We stayed in a meadow on the first night with an icy wind whipping off the Salkantay Glacier and down through our pass. It kept knocking over our baño tent whether we were in it or not. The temperatures dropped to zero and we huddled in the cook’s tent over our meal and later, in our little private tents for warmth (the thoughtful porters gave us hot water bottles to help).

The second night we camped on a farm between two rushing rivers, surrounded by roosters eager to wake us in the morning.

Each lunch and dinner was at a new site, whether a village or a native plain, where the porters set camp. Each morning, we were given steaming bowls of water to wash with, and tea to warm us. It was amazing how we hiked so hard and yet the porters always raced ahead with the horses to have everything set for us.

Llama Path also provides food not commonly found on any camping trip we’d heard of. Meals ranged from trout with a sauteed onion salsa to beautifully plated avocado salads.

The little kitchen crew and chef mixed traditional Peruvian foods such as Causa (a pureed potato cake stuffed with tuna and avocado salad) and quinoa (a buckwheat-like grain) with camping favorites like popcorn, oatmeal and roasted chicken. The presentation and variety of food that can be carried on a horse and prepared in a tent was a welcome surprise at the end of each long hike.

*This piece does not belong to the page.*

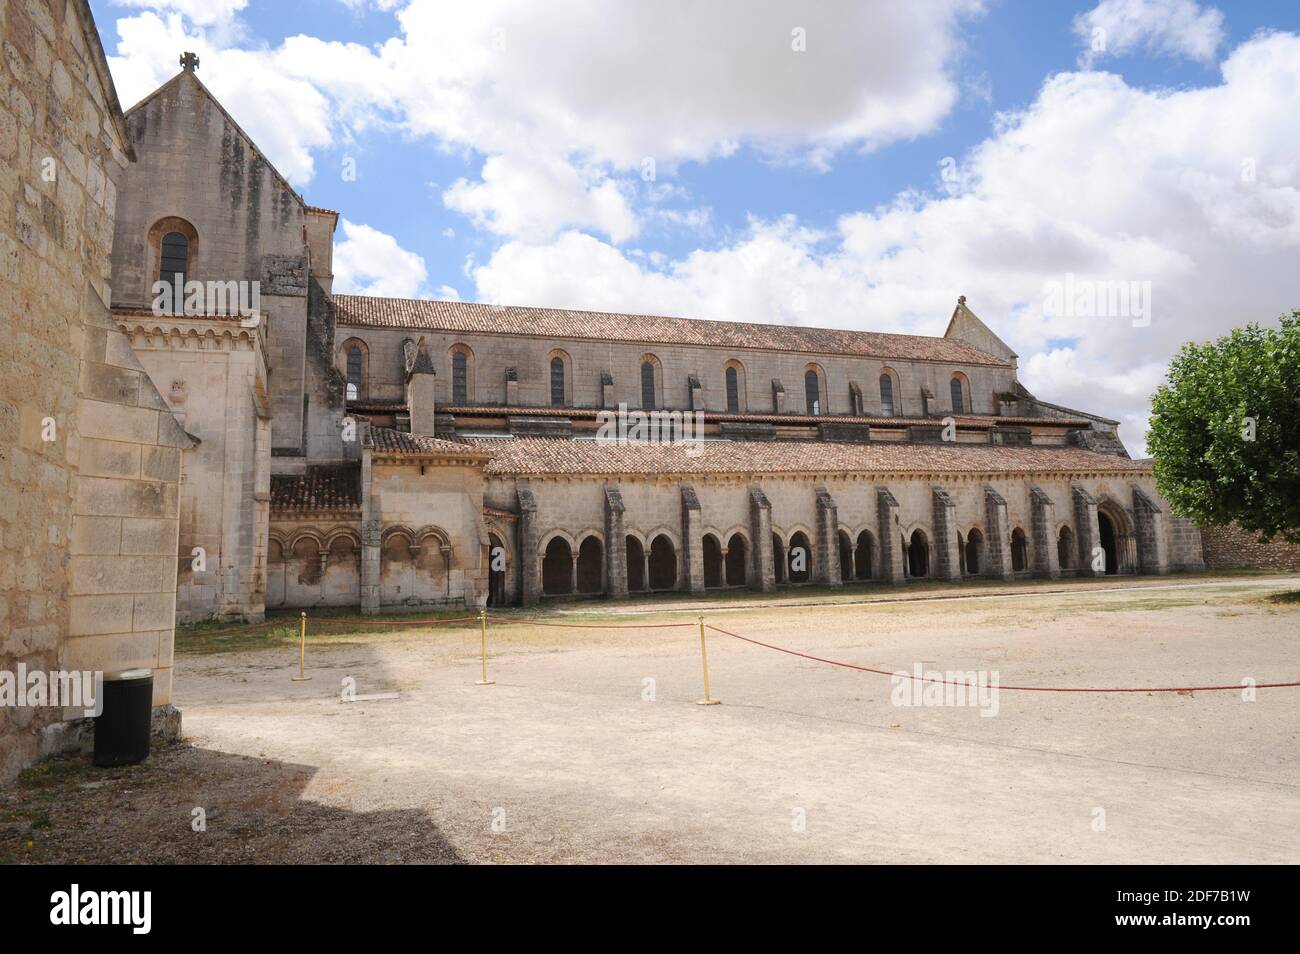 Monasterio de Santa María la Real de las huelgas, cisterciense siglo 12. Provincia de Burgos, Castilla y León, España. Foto de stock

Machu Picchu is more impressive then any picture we had seen of it beforehand, and any ruins we had visited on our trip so far. It is amazing to imagine that this sprawling site had lain hidden until early this century. However, there is an old saying about how the journey is sometimes greater than the destination.

To stand at the top of the ruins of Machu Picchu is a milestone in our lives, but after days of trekking through the Andes and even hiking to the top of Huayna Picchu, we felt our experience in these mountains had been even bigger. Man had built something inspiring and epic in Mother Nature but the planet had built something even grander. Machu Picchu was the icing on the cake of the Andes but without the Andes, there was no cake.

We have many more pictures from the trek to share here.

Comments

  1. Jacek says:
    May 10, 2009

    Great story…. I am proud of you: first for getting through with the trek and second for being observant enough to notice all these details…
    All this done by the girl that not that long ago stated on a visit to forest close to home that “forest smells bad and I do not want ever to go there again” – unbelievable!
    Jacek

    Reply

    • Tomas says:
      May 24, 2009

      Fantastic photos from your trip!
      I`m absolutely agree with Jacek.
      A wish one well for both

      Reply

  2. Heatheronhertravels says:
    May 11, 2009

    I think you deserved a nice meal at the end of a day of hiking & I bet you looked forward to a hot shower when you got back to the hotel.

    Like the his n hers Peruvian hats

    Reply

  3. Nidhi says:
    May 12, 2009

    the photos are breathtaking and the journey sounds like something straight out of a dream…no matter how many other tourists have done this trek. so inspiring!

    Reply

  4. Dave says:
    May 15, 2009

    Your description and pictures are incredible and poignant. It sounds like you didn’t just make this a notch on your walking stick. Rather, it seems that this experience has left an indelible mark on your consciousness. And to think that you are only at the beginning of your trip!